DATA SEGMENT below:
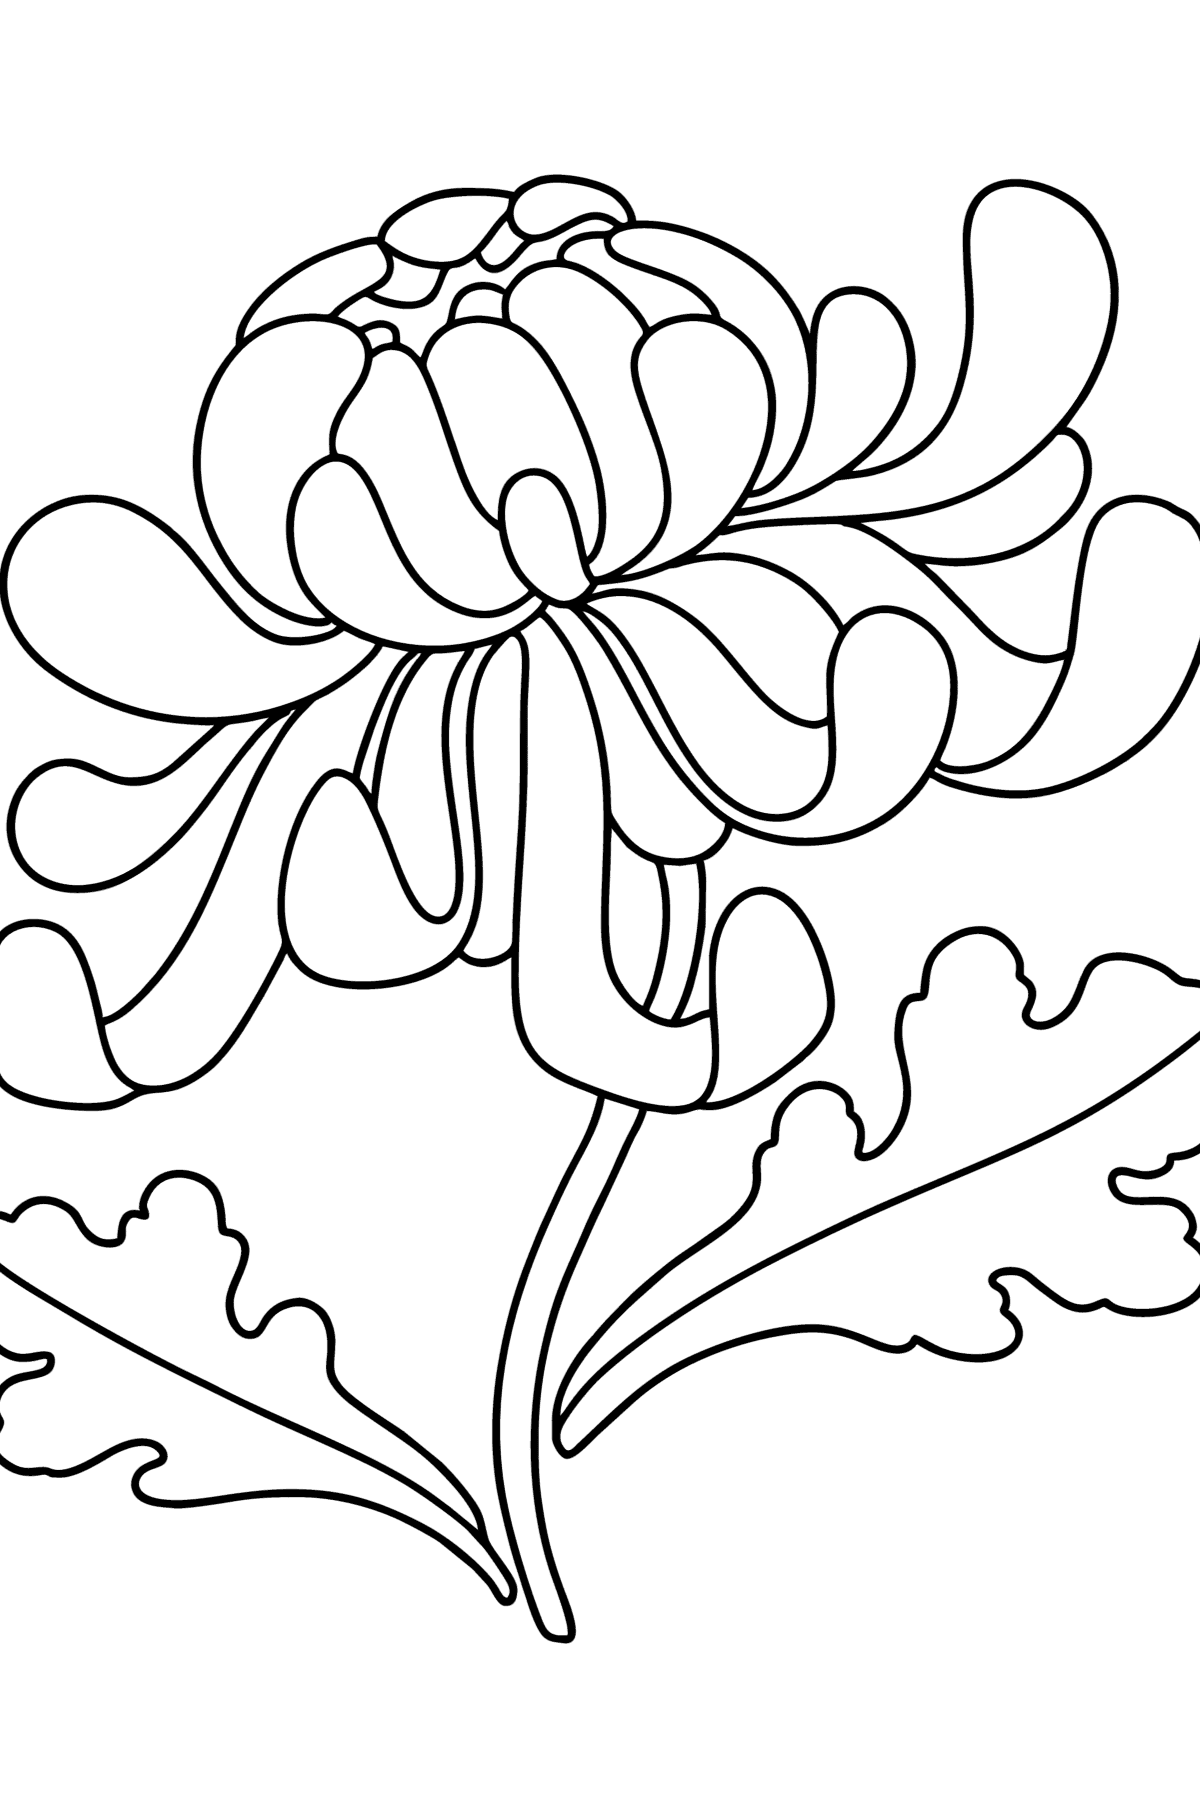 Розмальовка Хризантеми - Розмальовки для дітей
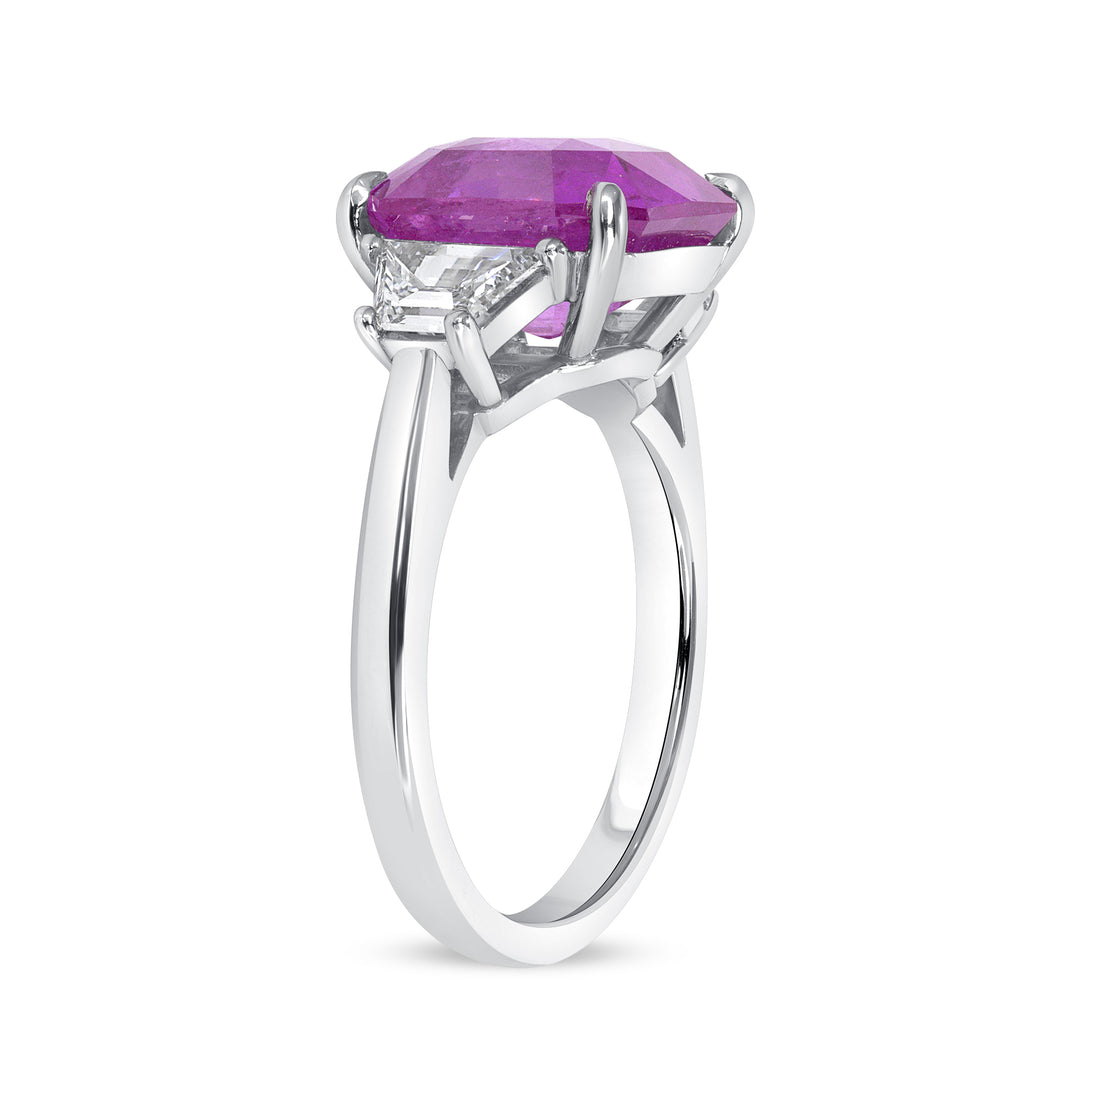 Emerald Cut Pink Sapphire and Trapezoid Cut Diamond Ring
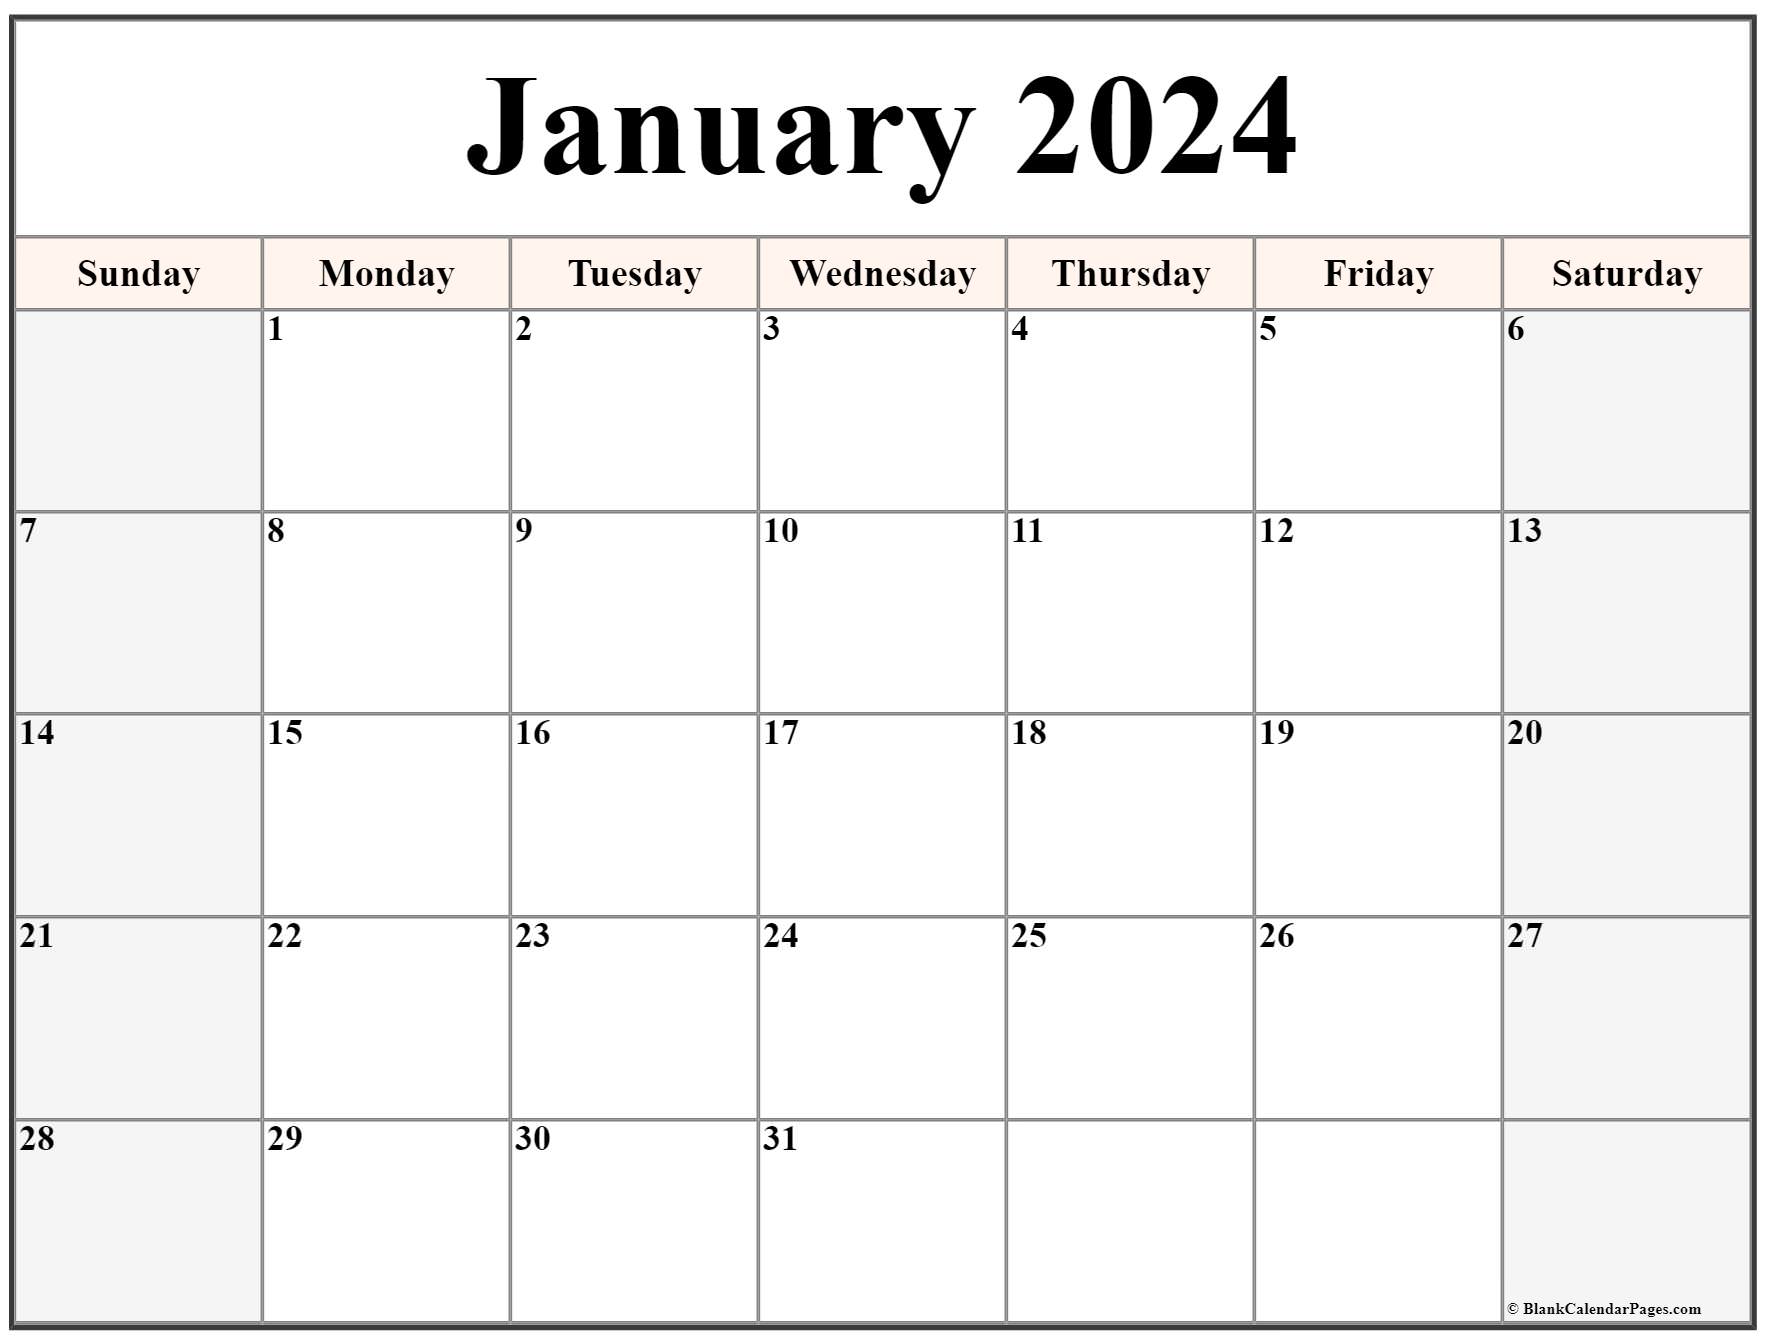 january-2023-calendar-printable-calendar-2023-planner-2023-design-porn-sex-picture
End of DATA SEGMENT.
ABOUT THIS TASK | Could you return the whole listing exactly, images excluded?

ANSWER TO THE EXERCISE |
 Розмальовка Хризантеми - Розмальовки для дітей
 Emerald Cut Pink Sapphire and Trapezoid Cut Diamond Ring
 january-2023-calendar-printable-calendar-2023-planner-2023-design-porn-sex-picture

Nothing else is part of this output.